A Gwich’in-language short film shot in Alaska is part of the award-nominated Reciprocity Project series that looks at the relationship between Indigenous peoples and their lands.
Diiyeghan naii Taii Tr’eedaa (We Will Walk the Trail of our Ancestors) shows a grandfather teaching his granddaughter about the interchange between the community, caribou and nature and how those connections are honoured.
The film was made by Alaskans Princess Daazhraii Johnson and Alisha Carlson. Johnson, Neets’aii Gwich’in originally from Arctic Village, Alaska, says shooting in the Gwich’in language was a key part of the project from the beginning.
“This was a community-based film and it was really important for us to do it in our language,” Johnson told Eye on the Arctic in a phone interview. “There’s a big effort right now to really revitalize it and make sure we’re perpetuating the language.”
Carlson, also from Arctic Village, reached out to her family there where her grandfather, Trimble Gilbert, is traditional chief.
“We went directly to [him] for a blessing for the project and to get his feedback about what reciprocity means to us as a people,” Johnson said.
Gilbert appears in the film as do other community members.
“We come from a long line of storytellers,” Johnson said. “It’s just natural for us.”
The name, Diiyeghan naii Taii Tr’eedaa, came from Johnson’s mother, who then suggested the English translation.
The Reciprocity Project series has been an official selection in film festivals such as Sundance, and was also nominated in the Best Short-Form Series IDA Documentary Awards that took place December 10.

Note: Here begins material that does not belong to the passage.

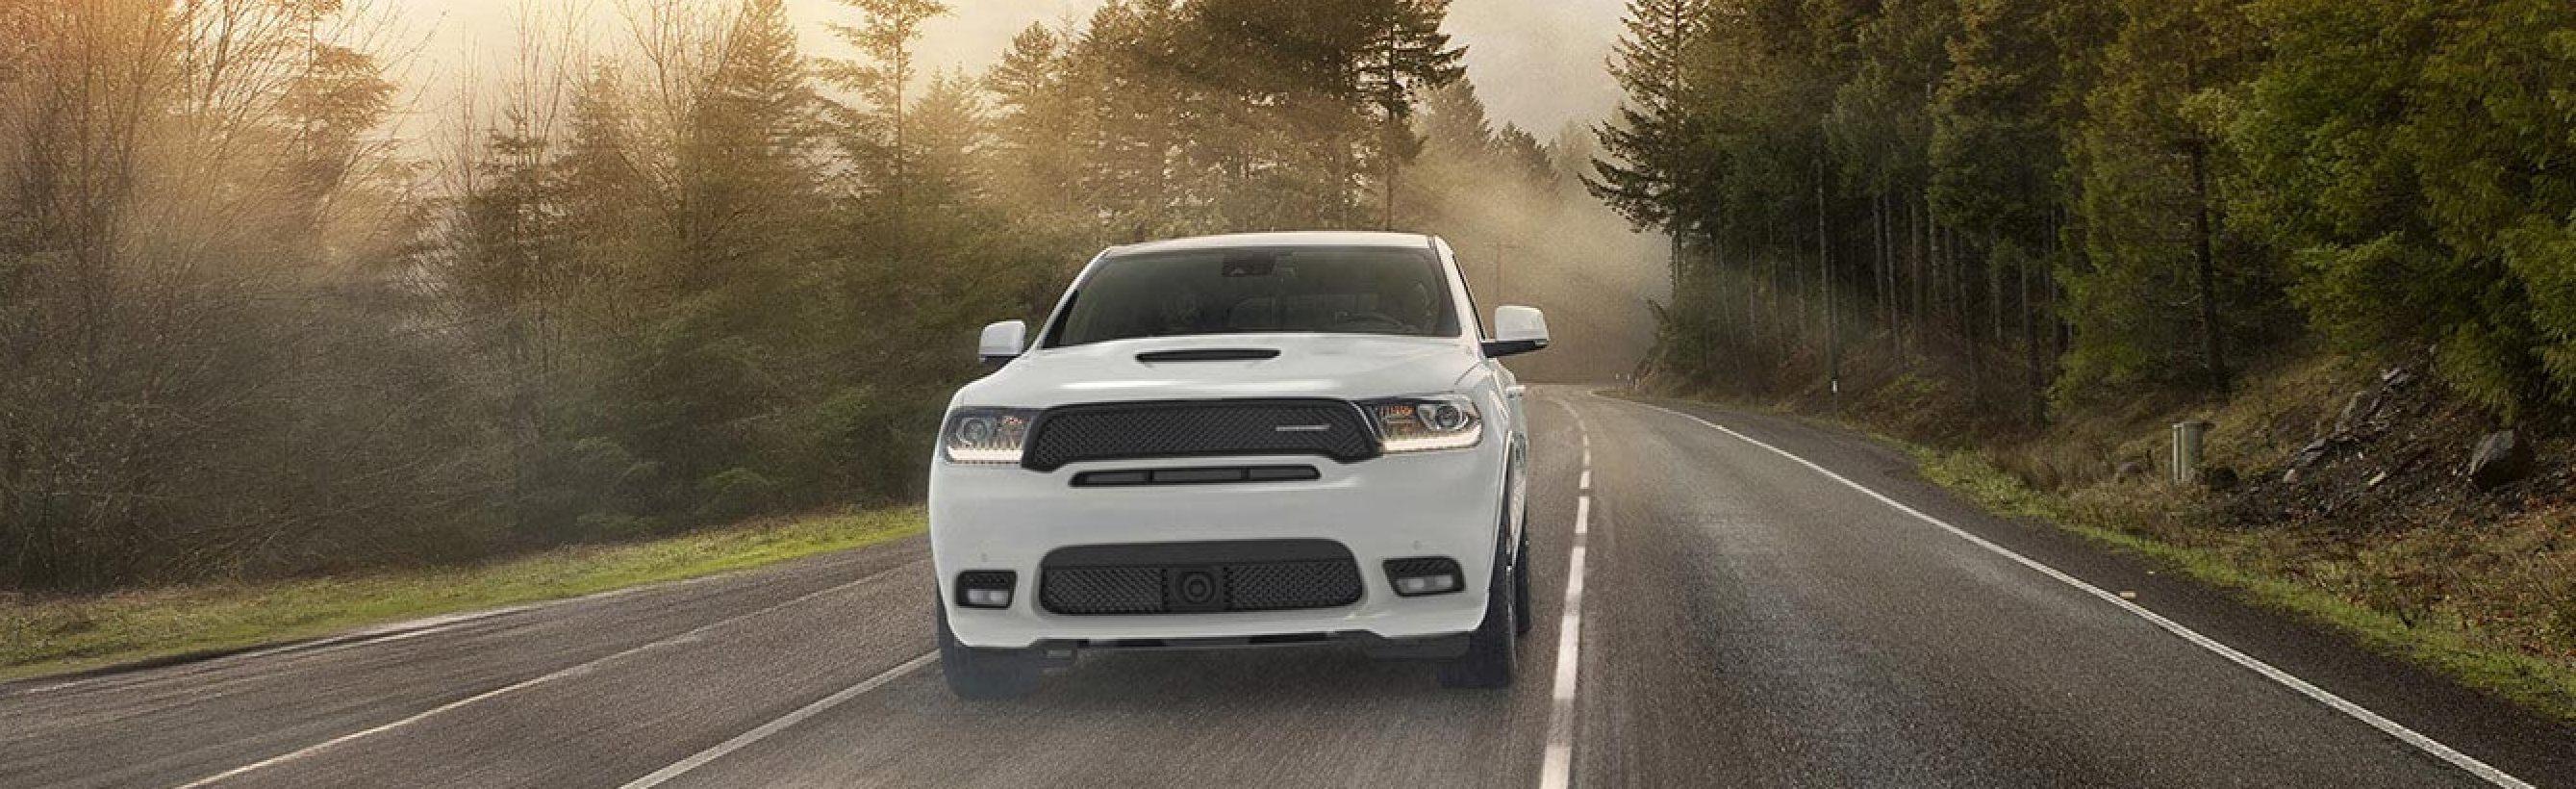 2020 Dodge Durango For Sale Near Tulsa Ok

Johnson said the attention the Reciprocity Project has gotten has been gratifying and that for general audiences, she hopes it fosters better understanding of Indigenous people’s relationship with nature, away from buzzwords and slogans.

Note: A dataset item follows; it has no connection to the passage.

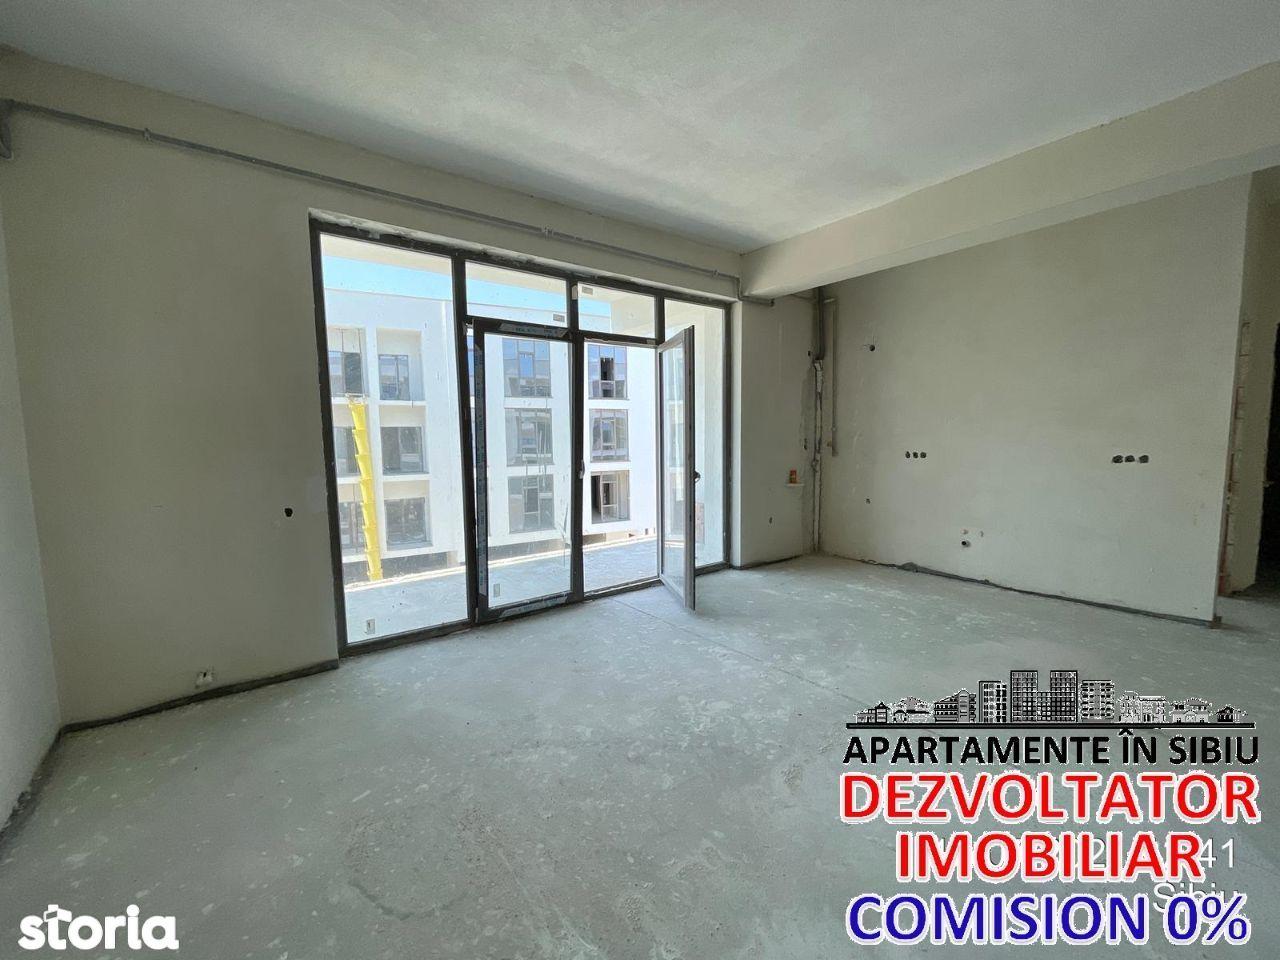 Oferta Reala: 747 euro/mpc. Apartament 3 camere cu toate utilitatile.

“I feel like the general public is often introduced to Native people only through issues, and so don’t see things like our joy and our humour, and, because of that, they don’t see our full humanity,” she said.
“I think the beauty of these films is, that without coming from an issue perspective, we’re saying ‘Look, we are human beings with these deep meaningful spiritual ties to the places that we come from.’
“We have to protect these places and we need people to understand and support us in these efforts.”